Carbon fiber reinforced 3D printing filament has been around for a while, but here’s a new option.
With the increasing availability of high temperature materials, it was inevitable that someone would combine the carbon fiber reinforcement concept to these higher temperature materials. One new option is now available from German RepRap, who have devised a PEKK / Carbon filament.
PEKK is one of the newer material that have recently entered the 3D printing scene. It’s somewhat related to PEEK chemically but offers some very interesting engineering properties. German RepRap explains:
PEKK (polyether ketone ketone) is a high temperature filament from the family of so-called PEK (polyether ketone) materials, which also includes PEEK (polyether ether ketone).
The material brings different mechanical and technical properties with it. For example, it is resistant to almost all organic and inorganic chemicals and very resistant to abrasion due to its high strength. Due to its high resistance to chemicals, PEKK can be used where the parts are exposed to many fuels, lubricants and various types of acids. Low outgassing allows the usage in confined spaces and sensitive environments.
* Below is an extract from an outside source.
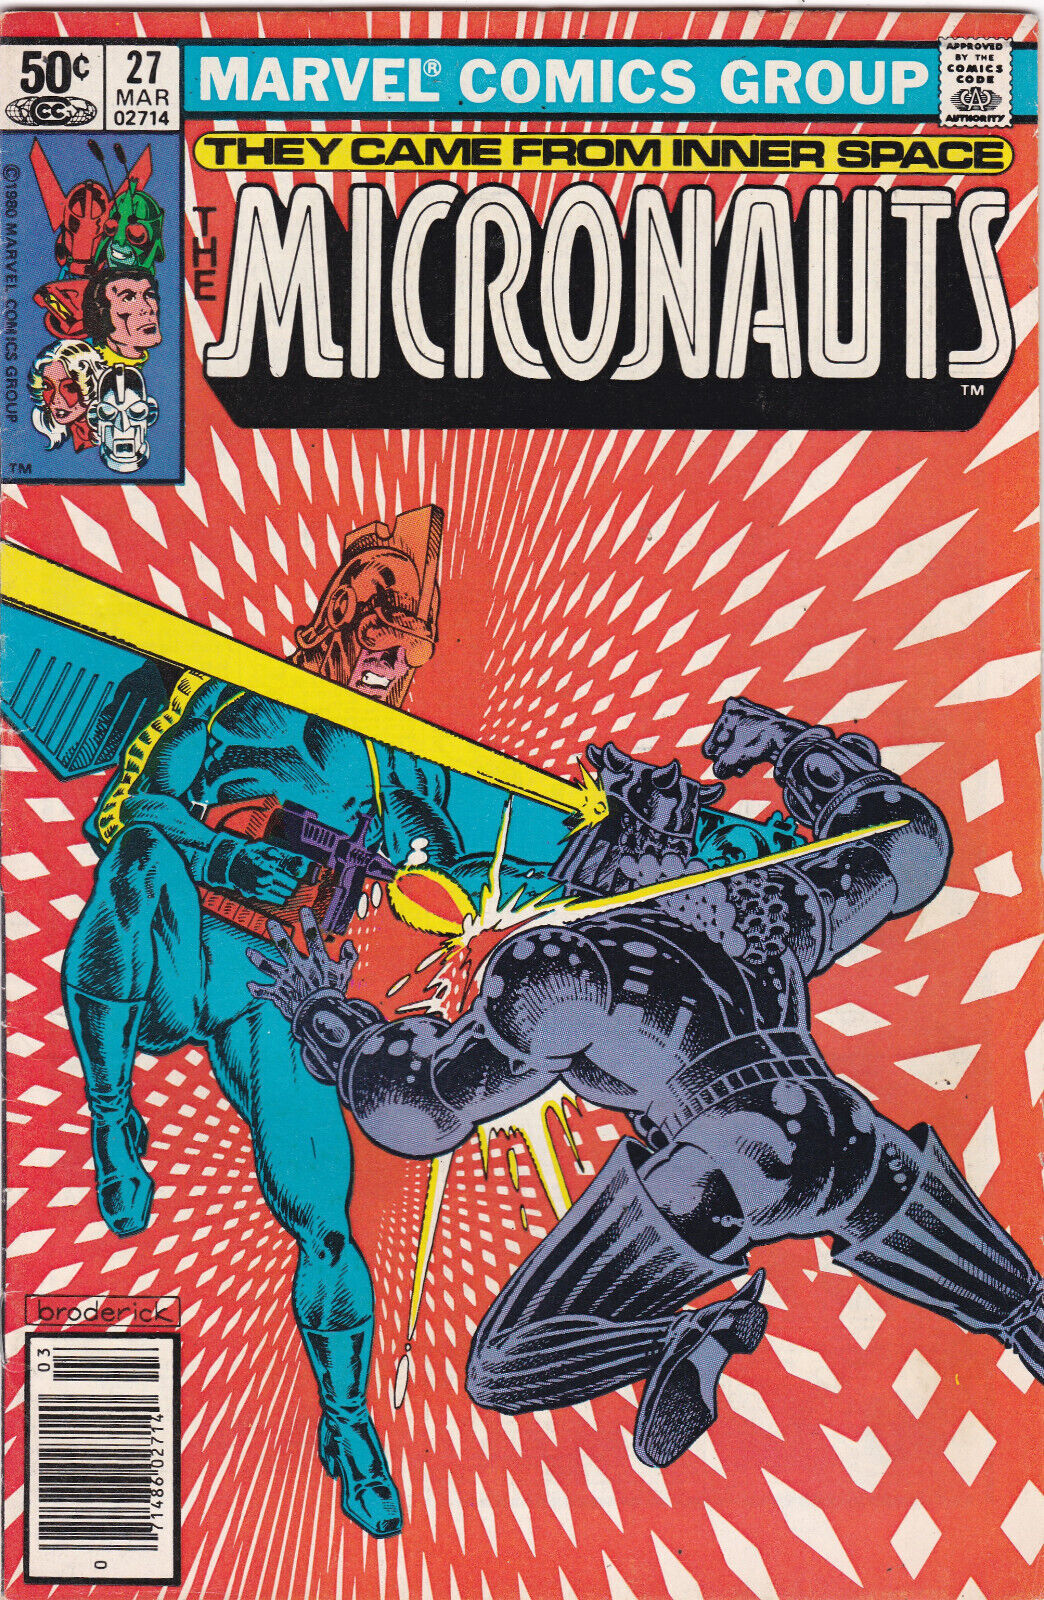 Micronauts #27, Vol. 1 (1979-1984) Marvel Comics, Newsstand

The heat resistance of PEKK is up to 260C, making it ideal for parts destined for hot environments. Of course, you’ll need a specialized high temperature 3D printer to produce such parts, as you’ll need to hit temperatures far higher than 260C, obviously.
This sounds like a material that would certainly find many practical uses in the automotive and aerospace industries, where high reliability and high temperature environments exist.
But that’s not all. This filament apparently includes an amount of chopped carbon fiber material, increasing the strength of the 3D printed parts considerably. And that strength is not obtained at the price of increased weight, as the carbon material is lightweight.
German RepRap has now made the material available, and it is sold in 500g spools at the spectacular price of €562.87 (USD$675) each. That’s approximately USD$1350 per kg, perhaps one of the highest filament prices we’ve yet seen. But that will be the price for obtaining those fascinating engineering properties.
Despite the price, I feel this material will gain customers because of the uniqueness of the material’s properties and use in applications that can certainly afford the price. You won’t find a spool of this filament on a consumer 3D printer not only due to the price, but because you need a high temperature 3D printer to even use it.
And there are more of those available now than ever before in the history of 3D printing.